DIANTE DO EXPOSTO, defiro em parte o pedido de tutela liminar tão somente para autorizar o acesso ao sistema interno de controle, verificação e fiscalização da coleta de dados da pesquisa impugnada e ao relatório da pesquisa, nos termos da fundamentação.

[...]

 

Nos termos da decisão que indeferiu o pedido de modificação da decisão impugnada, não se configurou perceptível a presença de direito líquido e certo a ser amparado no mandado de segurança, visto que este é perceptível de plano, enquanto as alegações formuladas pelos impetrantes demandam aprofundamento e contraditório.

Da mesma forma, não há manifesta ilegalidade ou teratologia do ato impugnado.

Como bem pontuou a Dra. Maria Emília Corrêa da Costa, Procuradora Regional Eleitoral Substituta, em seu parecer, as questões referentes às pesquisas eleitorais demandam análise estritamente técnica, incompatível com a via estreita do mandado de segurança. Colho trecho da bem-lançada manifestação:

Acerca do controle posterior das pesquisas eleitorais divulgadas, anota-se que, de acordo com os §§ 2 e 3º do art. 34 da Lei 9.504/97, a eventual comprovação de irregularidade nos dados publicados sujeita os responsáveis às penas de detenção e multa, “sem prejuízo da obrigatoriedade da veiculação dos dados corretos no mesmo espaço, local, horário, página, caracteres e outros elementos de destaque, de acordo com o veículo usado”.

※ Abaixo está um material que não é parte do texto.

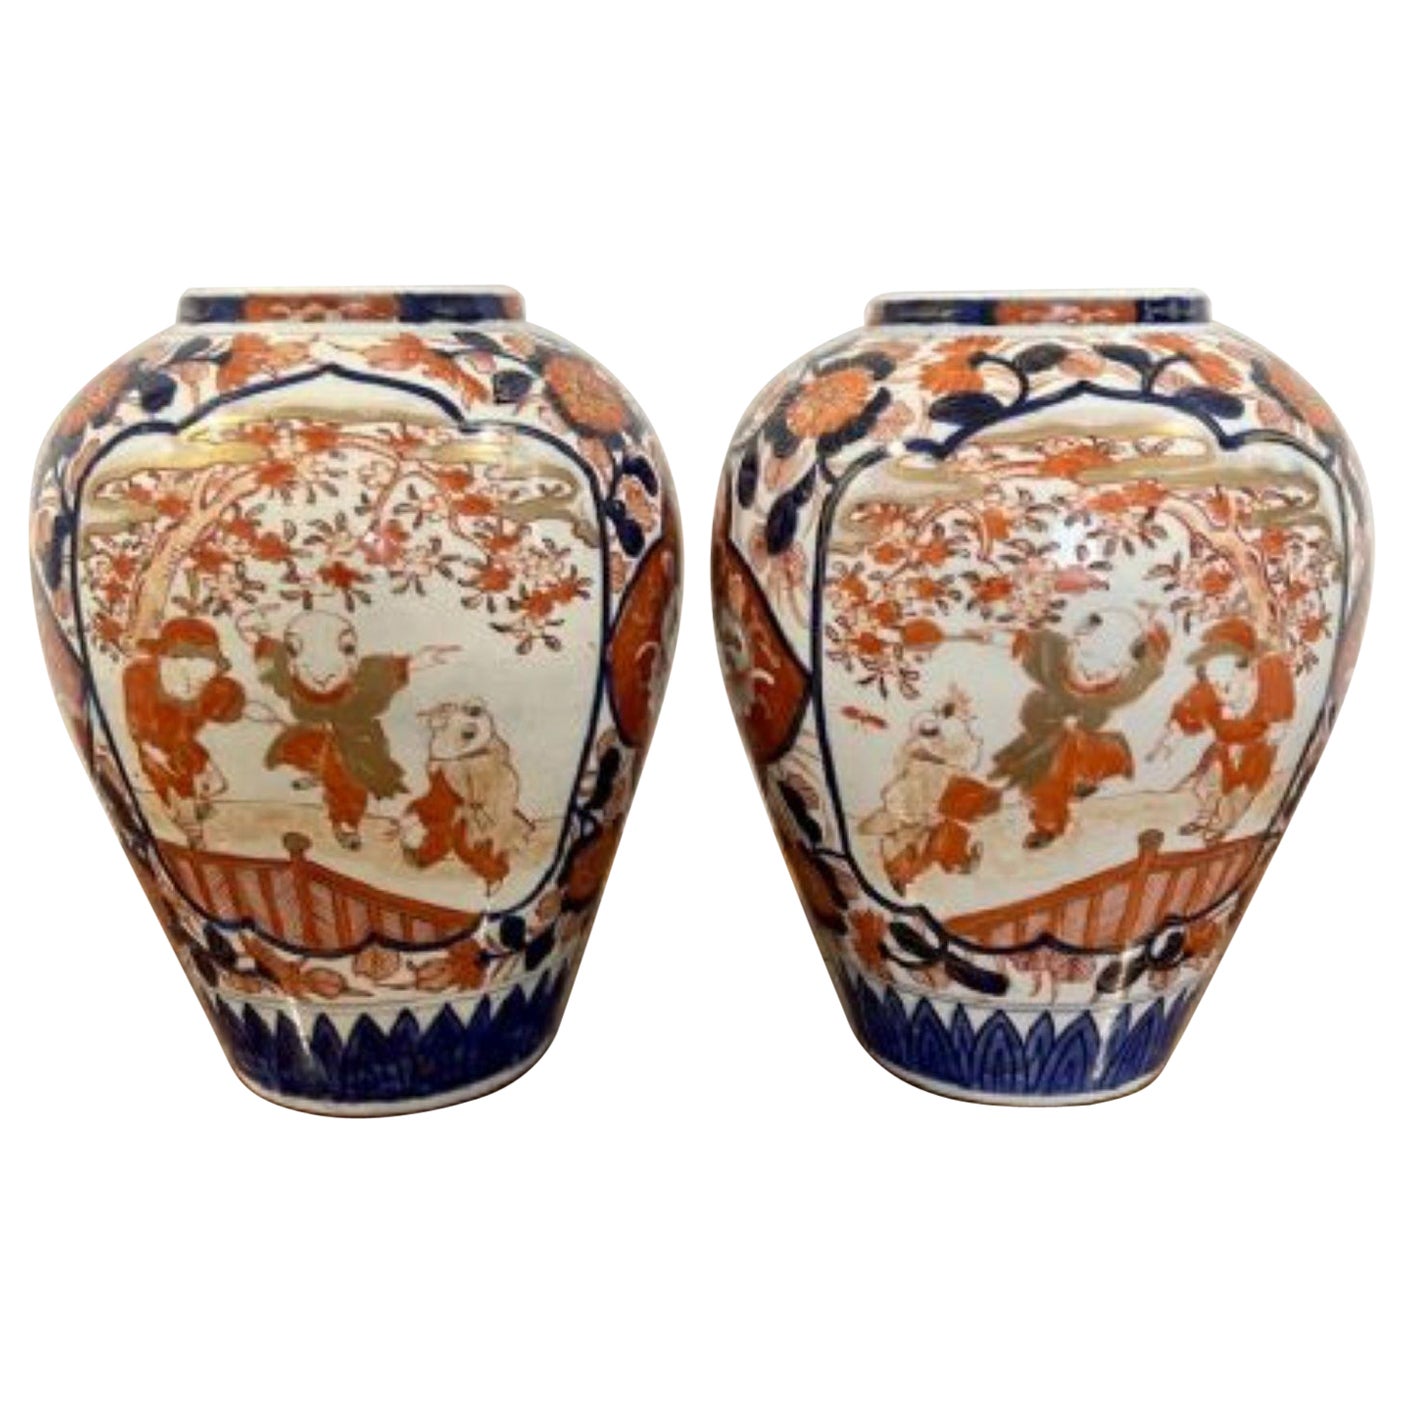 Paar antike japanische Imari-Vasen von hoher Qualität

Ademais, cabe lembrar que a representação disciplinada na Resolução-TSE 23.608/19, procedimento caracterizado pela celeridade, constitui o instrumento processual adequado de impugnação do registro ou da divulgação de pesquisas eleitorais. E não poderia ser diferente, considerando que as questões referentes às pesquisas eleitorais demandam análise estritamente técnica, incompatível com a via estreita do mandado de segurança.

Não custa ressaltar que o pleito suplementar em questão foi vencido pelo impetrante Cristian Wasem Rosa, da Coligação Cachoeirinha Um Novo Tempo, consoante se extrai de consulta ao Portal DivulgaCandContas do TSE. Conforme se noticiou, o candidato obteve 51,4% dos votos válidos.

Portanto, considerando os dispositivos mencionados, inexiste ilegalidade na decisão que deixa de realizar controle prévio sobre divulgação de pesquisa eleitoral, sem prejuízo da impugnação desta por meio de representação junto ao juízo da zona eleitoral, em se tratando de eleição municipal suplementar. Todavia, a segurança deve ser concedida em parte, para que o impetrante tenha acesso ao sistema de controle interno da pesquisa em questão, confirmando-se, assim, os termos da medida liminar deferida.

 

Assim, diante da ausência de manifesta ilegalidade do ato impugnado, é de ser confirmada a liminar que concedeu apenas o acesso ao sistema interno de controle, verificação e fiscalização da coleta de dados da pesquisa n. RS-04463/20 e ao relatório.

 

DIANTE DO EXPOSTO, voto pela concessão em parte da segurança, apenas para garantir o acesso dos impetrantes ao sistema de controle interno da pesquisa, confirmando a decisão liminar proferida.